2006 Fourth Quarter Financial Results
For the fourth quarter of 2006, RAE Systems reported revenue of $21.1 million, compared with revenue of $18.3 million for the same quarter in 2005, an increase of 15 percent. The growth in revenue was largely attributable to increased sales in Asia that grew 24 percent, and Europe that grew 31 percent. Asia and Europe accounted for 56 percent of revenue compared with 51 percent in 2005.
Net loss for the fourth quarter of 2006 was $(1.0) million or $(0.02) per share, compared with net income of $91,000 or $0.00 per share for the fourth quarter of 2005.
2006 Full Year Financial Results
For 2006, RAE Systems reported revenue of $68.0 million, compared with revenue of $60.3 million in 2005. This represents a 13 percent year-over-year increase.
The net loss for 2006 was $(1.5) million or $(0.03) per share, compared with a net loss of $(0.8) million or $(0.01) per share for 2005.

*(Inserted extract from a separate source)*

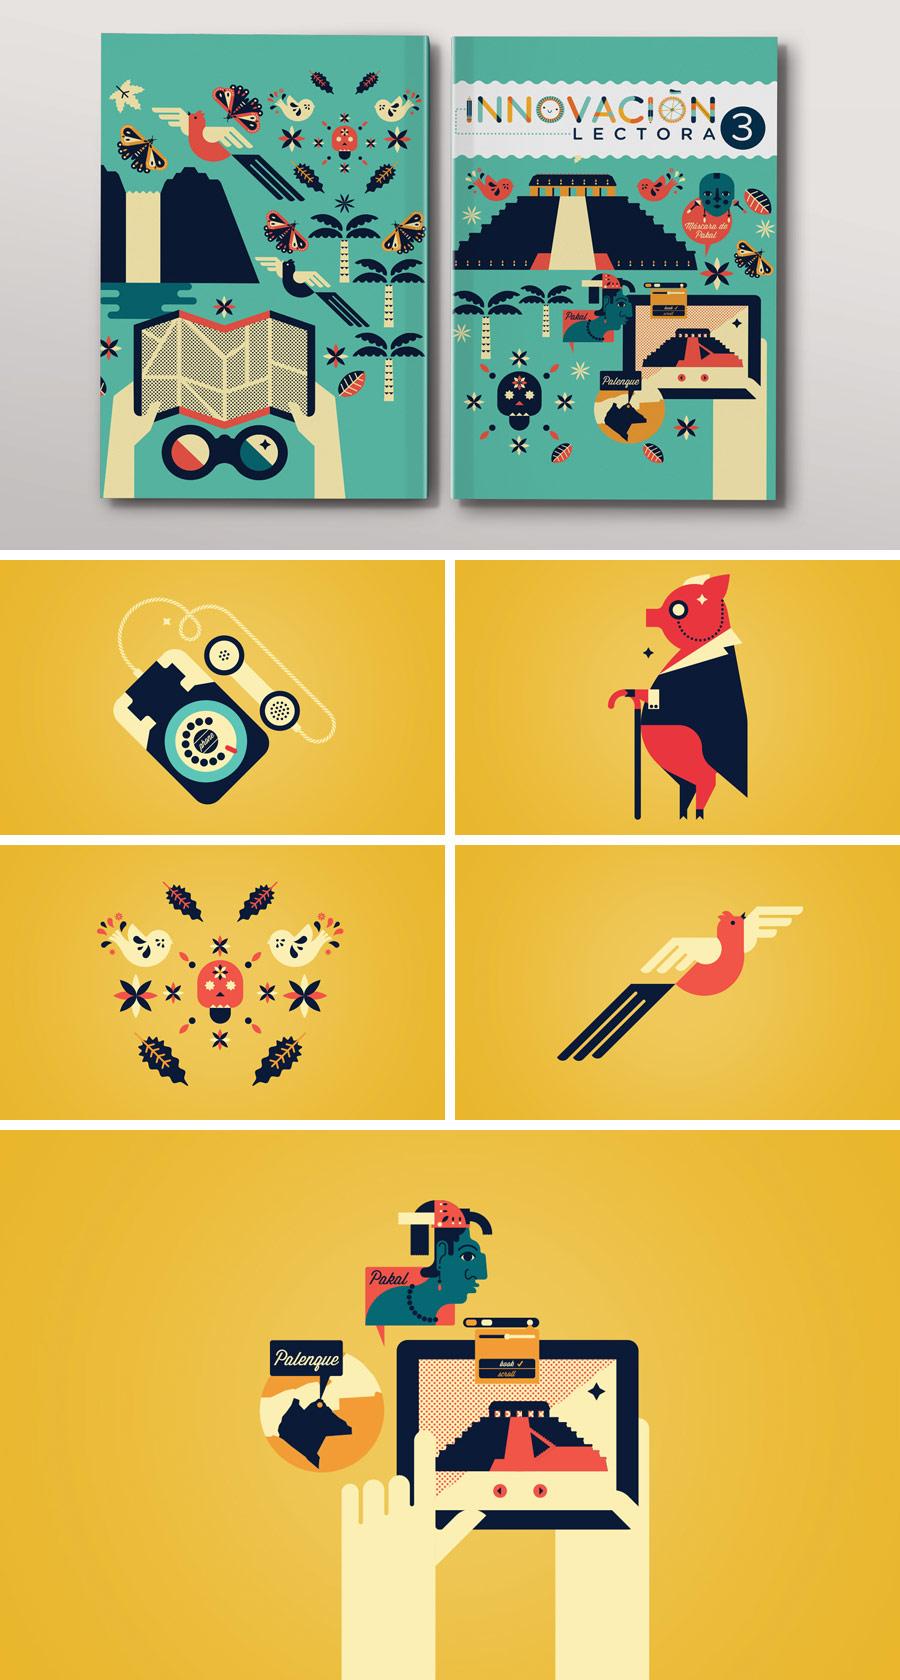 Innovacion Lectora 3 by CherryBomb

“In 2006, we were able to continue our double digit sales growth,” said Robert Chen, RAE Systems president and chief executive officer. “We focused our technology and sales efforts on China and European industrial growth; we made two key strategic investments; and we increased our ownership in RAE Beijing (RAE-KLH). In 2007, we are taking steps to re-establish a strong sales position in the Americas, while maintaining continuous growth in our international markets. Our target markets are energy production and refining, industrial and environmental safety, and public and government first responder security sectors.”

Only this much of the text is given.